Academic Advising
Yale College urges all members of the faculty to make themselves as available as possible for the educational advising of students.
In freshman year, a student receives academic advice from a dean or a member of the faculty who is a fellow of the student's residential college. The residential college dean attempts to assign students to freshman advisers on the basis of the student's declared academic interests, although this is not always possible. A freshman adviser may have up to a half-dozen advisees.
In sophomore year, students select their own advisers. Students interested in majoring in one of the natural sciences, however, must have their course schedules approved by the directors of undergraduate studies or their delegates in the various science departments. Students may choose any member of the Yale College Faculty to be their adviser. Usually sophomores select their freshman adviser, an instructor of a course taken during freshman year, the director of undergraduate studies in their intended major, or a member of the faculty designated by their department to approve course schedules, such as departmental representatives in the residential colleges.

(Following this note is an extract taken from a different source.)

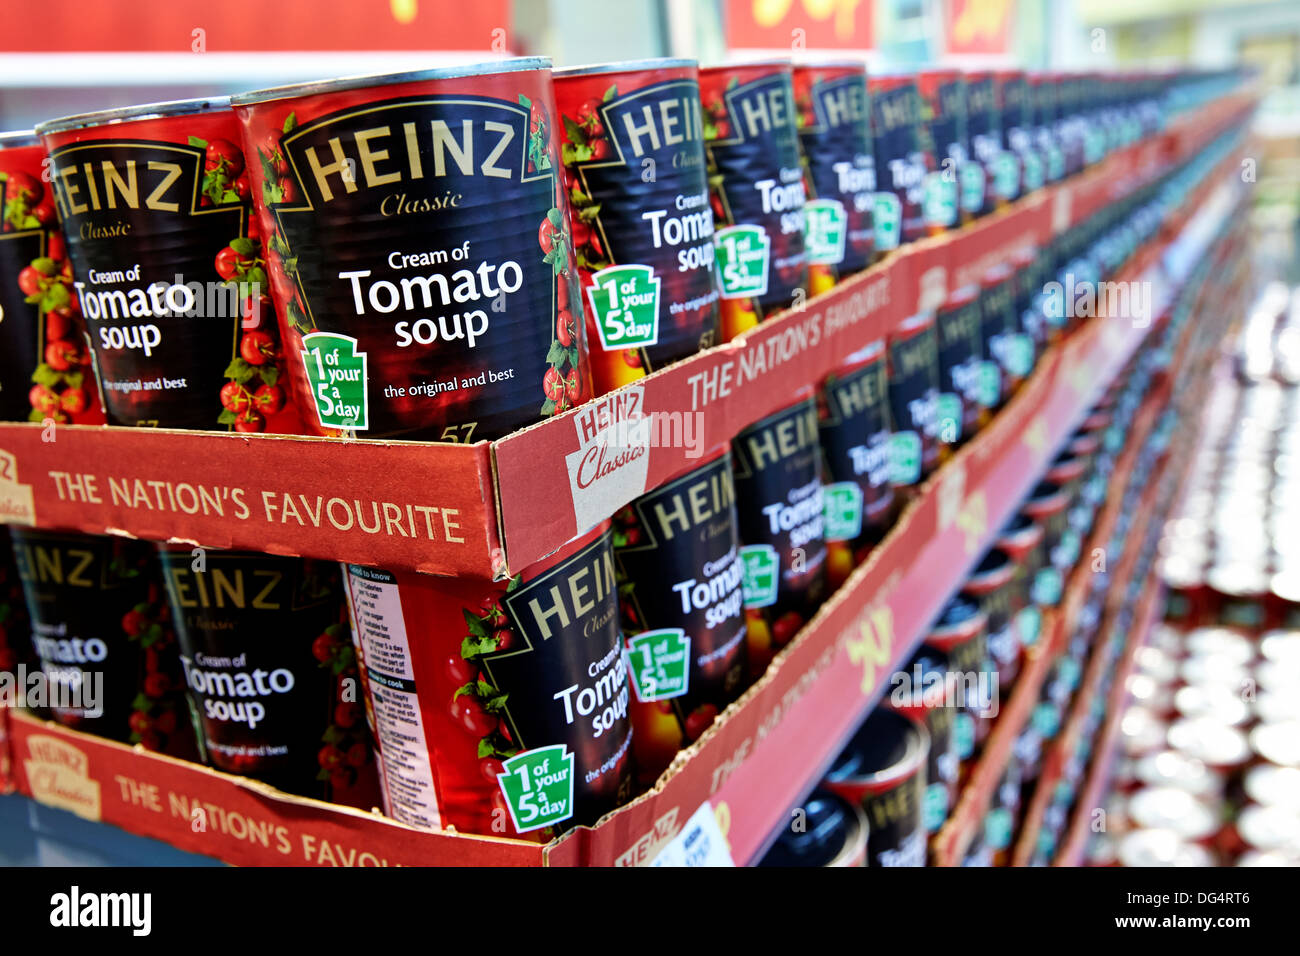 Heinz tomato soup tins on sale in a supermarket Stock Photo
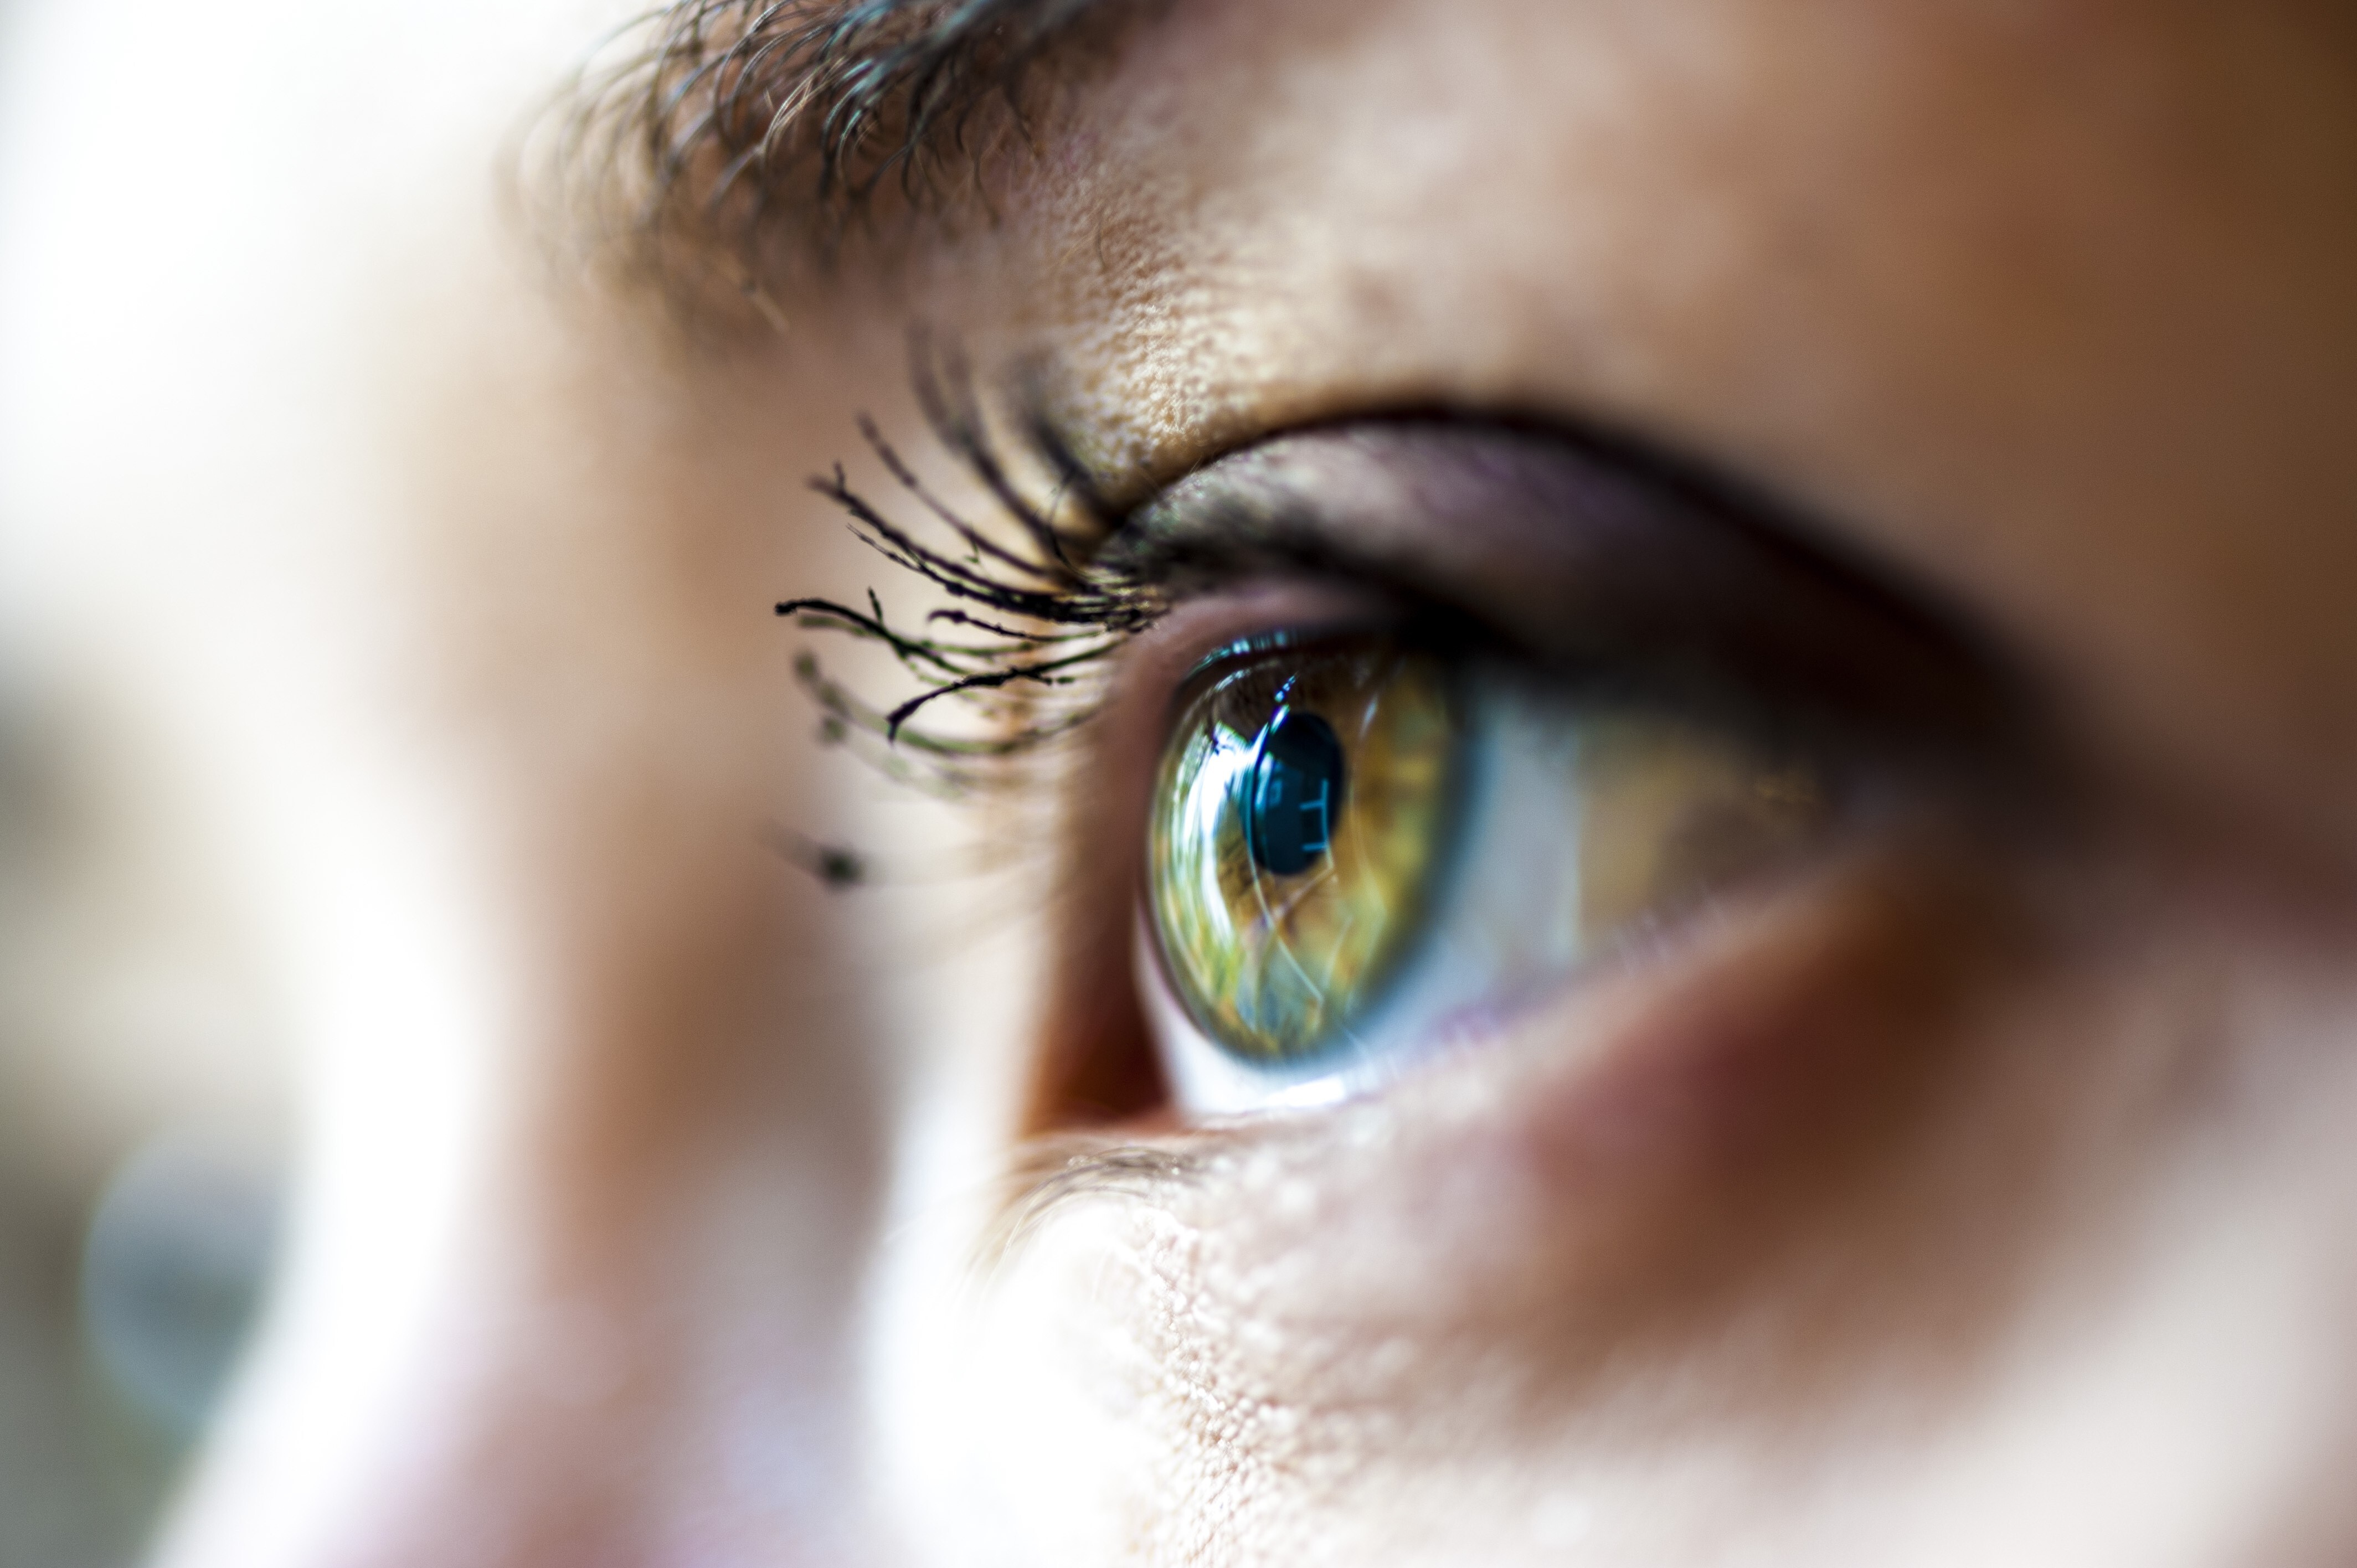 Eye movement desensitisation and reprocessing (EMDR) is a form of therapy used for PTSD sufferers which links eye movements to how the brain process memories. Photo: Shutterstock

In addition to discussions between sophomores and their advisers about course schedules, sophomores are requested to discuss their long-range educational objectives with a member of the faculty during the spring term. This conference may or may not be with the faculty member who approved the student's course schedule. Such discussions have proved to be valuable to students, and Yale College hopes that any faculty member a sophomore invites to review his or her work to date and long-range educational objectives will consent to do so. Students majoring in subjects other than the natural sciences declare their majors at the beginning of junior year, at which point they make use of the advisory systems established by the various departments.